[Collection entries]
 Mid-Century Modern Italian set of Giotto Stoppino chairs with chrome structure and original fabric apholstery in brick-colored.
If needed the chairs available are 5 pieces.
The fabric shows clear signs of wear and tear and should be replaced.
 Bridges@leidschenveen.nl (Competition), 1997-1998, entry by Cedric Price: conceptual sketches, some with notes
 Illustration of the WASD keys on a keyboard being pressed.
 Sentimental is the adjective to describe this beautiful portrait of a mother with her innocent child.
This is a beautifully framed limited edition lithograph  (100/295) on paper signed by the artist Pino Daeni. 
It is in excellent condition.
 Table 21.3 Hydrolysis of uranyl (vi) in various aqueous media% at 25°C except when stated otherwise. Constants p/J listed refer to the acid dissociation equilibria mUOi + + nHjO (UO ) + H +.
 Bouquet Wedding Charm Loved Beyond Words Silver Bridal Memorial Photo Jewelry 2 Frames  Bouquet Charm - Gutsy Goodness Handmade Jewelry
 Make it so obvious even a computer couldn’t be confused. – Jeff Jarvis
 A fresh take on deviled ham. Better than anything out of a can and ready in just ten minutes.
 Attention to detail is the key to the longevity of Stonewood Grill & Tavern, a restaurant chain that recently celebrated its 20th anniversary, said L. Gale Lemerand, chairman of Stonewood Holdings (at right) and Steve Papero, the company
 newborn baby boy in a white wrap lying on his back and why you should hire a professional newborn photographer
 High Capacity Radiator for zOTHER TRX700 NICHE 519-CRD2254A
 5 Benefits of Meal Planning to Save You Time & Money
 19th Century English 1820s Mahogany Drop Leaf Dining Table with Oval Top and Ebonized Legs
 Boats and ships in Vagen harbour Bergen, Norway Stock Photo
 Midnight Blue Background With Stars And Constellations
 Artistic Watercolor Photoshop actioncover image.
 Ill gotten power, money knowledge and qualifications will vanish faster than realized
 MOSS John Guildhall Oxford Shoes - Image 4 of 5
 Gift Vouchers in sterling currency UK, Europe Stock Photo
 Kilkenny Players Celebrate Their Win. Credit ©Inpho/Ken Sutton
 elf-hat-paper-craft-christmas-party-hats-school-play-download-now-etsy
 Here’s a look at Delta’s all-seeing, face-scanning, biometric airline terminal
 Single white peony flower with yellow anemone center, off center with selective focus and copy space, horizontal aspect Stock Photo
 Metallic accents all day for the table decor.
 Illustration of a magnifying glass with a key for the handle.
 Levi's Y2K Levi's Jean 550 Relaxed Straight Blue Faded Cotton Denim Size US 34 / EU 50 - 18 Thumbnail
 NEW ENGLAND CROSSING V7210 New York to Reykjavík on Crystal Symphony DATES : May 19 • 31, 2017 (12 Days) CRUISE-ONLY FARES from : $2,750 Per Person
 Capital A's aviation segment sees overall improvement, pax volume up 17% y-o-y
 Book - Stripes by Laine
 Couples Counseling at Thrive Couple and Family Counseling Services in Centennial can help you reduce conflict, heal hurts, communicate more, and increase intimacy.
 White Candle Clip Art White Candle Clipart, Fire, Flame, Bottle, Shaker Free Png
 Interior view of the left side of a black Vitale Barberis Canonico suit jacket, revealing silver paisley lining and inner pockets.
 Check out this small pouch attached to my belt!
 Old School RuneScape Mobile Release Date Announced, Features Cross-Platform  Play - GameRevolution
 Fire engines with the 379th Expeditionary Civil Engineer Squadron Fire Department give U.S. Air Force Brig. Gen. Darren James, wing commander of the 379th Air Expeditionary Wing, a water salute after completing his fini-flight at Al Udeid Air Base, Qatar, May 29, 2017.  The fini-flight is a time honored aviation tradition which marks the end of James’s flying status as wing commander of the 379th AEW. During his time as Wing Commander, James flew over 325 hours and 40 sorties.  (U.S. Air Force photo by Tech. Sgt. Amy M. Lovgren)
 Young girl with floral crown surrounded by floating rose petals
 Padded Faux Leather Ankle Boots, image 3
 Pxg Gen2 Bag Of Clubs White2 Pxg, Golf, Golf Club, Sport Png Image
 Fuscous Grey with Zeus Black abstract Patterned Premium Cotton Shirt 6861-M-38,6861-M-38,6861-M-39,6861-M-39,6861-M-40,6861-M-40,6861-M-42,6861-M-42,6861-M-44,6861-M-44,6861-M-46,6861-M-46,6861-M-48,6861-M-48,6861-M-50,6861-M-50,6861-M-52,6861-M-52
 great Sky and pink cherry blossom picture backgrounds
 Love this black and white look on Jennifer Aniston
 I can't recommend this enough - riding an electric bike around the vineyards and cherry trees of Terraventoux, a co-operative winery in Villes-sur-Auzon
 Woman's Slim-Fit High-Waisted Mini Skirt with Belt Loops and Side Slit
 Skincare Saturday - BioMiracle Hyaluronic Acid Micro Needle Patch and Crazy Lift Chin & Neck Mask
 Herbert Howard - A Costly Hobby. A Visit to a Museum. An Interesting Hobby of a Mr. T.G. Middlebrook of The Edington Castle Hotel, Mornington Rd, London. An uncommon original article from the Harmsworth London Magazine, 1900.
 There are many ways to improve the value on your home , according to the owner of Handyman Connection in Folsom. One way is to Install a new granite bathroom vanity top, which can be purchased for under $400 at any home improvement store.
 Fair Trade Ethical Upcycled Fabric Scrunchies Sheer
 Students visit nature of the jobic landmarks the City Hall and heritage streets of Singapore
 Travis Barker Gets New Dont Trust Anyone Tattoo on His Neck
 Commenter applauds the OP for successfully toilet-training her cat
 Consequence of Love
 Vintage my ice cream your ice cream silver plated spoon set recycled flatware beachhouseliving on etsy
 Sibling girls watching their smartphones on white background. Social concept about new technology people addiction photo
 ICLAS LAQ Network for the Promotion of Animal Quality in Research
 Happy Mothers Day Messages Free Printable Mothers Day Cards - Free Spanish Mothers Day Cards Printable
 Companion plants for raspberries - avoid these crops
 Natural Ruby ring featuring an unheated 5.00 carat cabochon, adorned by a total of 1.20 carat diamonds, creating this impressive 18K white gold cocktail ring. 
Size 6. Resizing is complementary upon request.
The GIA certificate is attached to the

#### [What you have to do]
Lines holding the word "Cotton" in the entries above are the ones to pull out. Copy them all.

#### [Written reply]
 Levi's Y2K Levi's Jean 550 Relaxed Straight Blue Faded Cotton Denim Size US 34 / EU 50 - 18 Thumbnail
 Fuscous Grey with Zeus Black abstract Patterned Premium Cotton Shirt 6861-M-38,6861-M-38,6861-M-39,6861-M-39,6861-M-40,6861-M-40,6861-M-42,6861-M-42,6861-M-44,6861-M-44,6861-M-46,6861-M-46,6861-M-48,6861-M-48,6861-M-50,6861-M-50,6861-M-52,6861-M-52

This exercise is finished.